【复现】vid2vid_zero复现过程记录

李加号pluuuus

已于 2024-01-08 16:15:15 修改

阅读量2.2k

点赞数 17

分类专栏：论文复现文章标签：模型复现

于 2023-12-11 20:47:25 首次发布

本文链接：https://blog.csdn.net/weixin_57974242/article/details/134936017

版权

论文复现专栏收录该内容

7 篇文章 0 订阅

订阅专栏

问题及解决方法总结。

code：GitHub - baaivision/vid2vid-zero: Zero-Shot Video Editing Using Off-The-Shelf Image Diffusion Models

1.AttributeError: 'UNet2DConditionModel' object has no attribute 'encoder'

据说是预训练模型结构不匹配，偷懒把animatediff用的sd-v1-5搬过来果然不行。。老实下载sd-v1-4去了

网址：https://huggingface.co/CompVis/stable-diffusion-v1-4/tree/main

漫长的下载 x N

2.HFValidationError

File "/opt/conda/envs/vid2vid/lib/python3.10/site-packages/huggingface_hub/utils/_validators.py", line 158, in validate_repo_id
    raise HFValidationError(
huggingface_hub.utils._validators.HFValidationError: Repo id must be in the form 'repo_name' or 'namespace/repo_name': '/data/vid2vid-zero/checkpoints/stable-diffusion-v1-4'. Use `repo_type` argument if needed.

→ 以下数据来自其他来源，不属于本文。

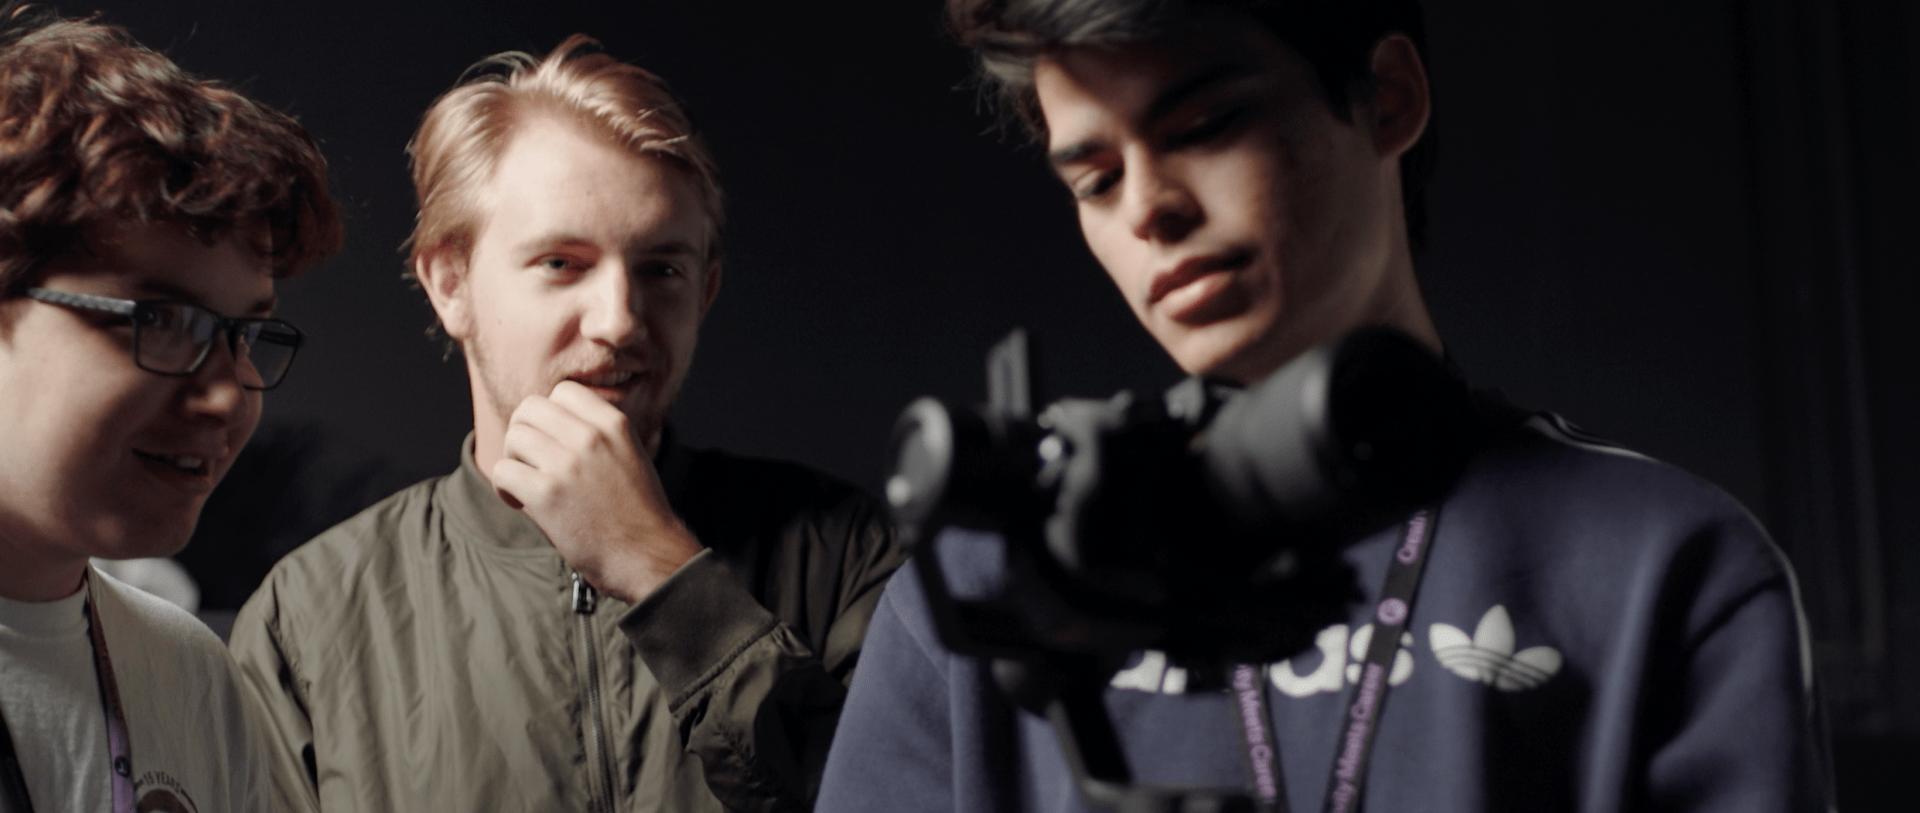 Luke Godfrey: Student Spotlight | F.I.R.S.T. Institute

本来以为是文件路径写的不对，但检查了好几遍可以排除这个原因，查找报错的文件：

File "/opt/conda/envs/vid2vid/lib/python3.10/site-packages/huggingface_hub/utils/_validators.py", line 158, in validate_repo_id

找到validators.py 文件 line 158：

    if repo_id.count("/") > 1:
        raise HFValidationError(
            "Repo id must be in the form 'repo_name' or 'namespace/repo_name':"
            f" '{repo_id}'. Use `repo_type` argument if needed."
        )

就是说Path to off-the-shelf model输入里的“/”大于1个就会报错

而且每次点start，控制台都会运行：

https://huggingface.co/xxx

xxx是输入的Path to off-the-shelf model，比如这里就是

https://huggingface.co//data/vid2vid-zero/checkpoints/stable-diffusion-v1-4

可以看到是个错误的路径，代码里就要求输入能链接到Hugging Face Hub上的模型的格式，比如示例里给的输入是CompVis/stable-diffusion-v1-4，就会链接到在线模型：

https://huggingface.co/CompVis/stable-diffusion-v1-4

必须要改代码，让程序先查找本地模型，而不是直接去Hugging Face Hub在线用模型（因为会ConnectTimeoutError）

瞎改一通，runner.py里的download_base_model方法：

def download_base_model(self, base_model_id: str, token=None) -> str:
        # 设置模型文件的路径
        model_dir = self.checkpoint_dir / base_model_id
        org_name = base_model_id.split('/')[0]
        org_dir = self.checkpoint_dir / org_name
        
        # 如果模型文件不存在，则创建一个空目录
        if not model_dir.exists():
            org_dir.mkdir(exist_ok=True)
        
        # 打印模型在Hugging Face Hub上的链接
        print(f'https://huggingface.co/{base_model_id}')
        
        print(token)
        print(org_dir)
        
        # 如果没有提供token，则使用Git Large File Storage (LFS)克隆模型
        if token == None:
            subprocess.run(shlex.split(f'git lfs install'), cwd=org_dir)
            subprocess.run(shlex.split(
                f'git lfs clone https://huggingface.co/{base_model_id}'),
                            cwd=org_dir)
            return model_dir.as_posix()
        
        # 否则，使用Hugging Face Hub下载模型快照到临时路径，并返回临时路径
        else:
            temp_path = huggingface_hub.snapshot_download(base_model_id, use_auth_token=token)
            print(temp_path, org_dir)
            # 移动临时路径中的模型文件到目标路径
            # subprocess.run(shlex.split(f'mv {temp_path} {model_dir.as_posix()}'))
            # return model_dir.as_posix()
            return temp_path

改为：

class Runner:
    def __init__(self, hf_token: str | None = None):
        self.hf_token = hf_token

        self.checkpoint_dir = pathlib.Path('checkpoints')
        self.checkpoint_dir.mkdir(exist_ok=True)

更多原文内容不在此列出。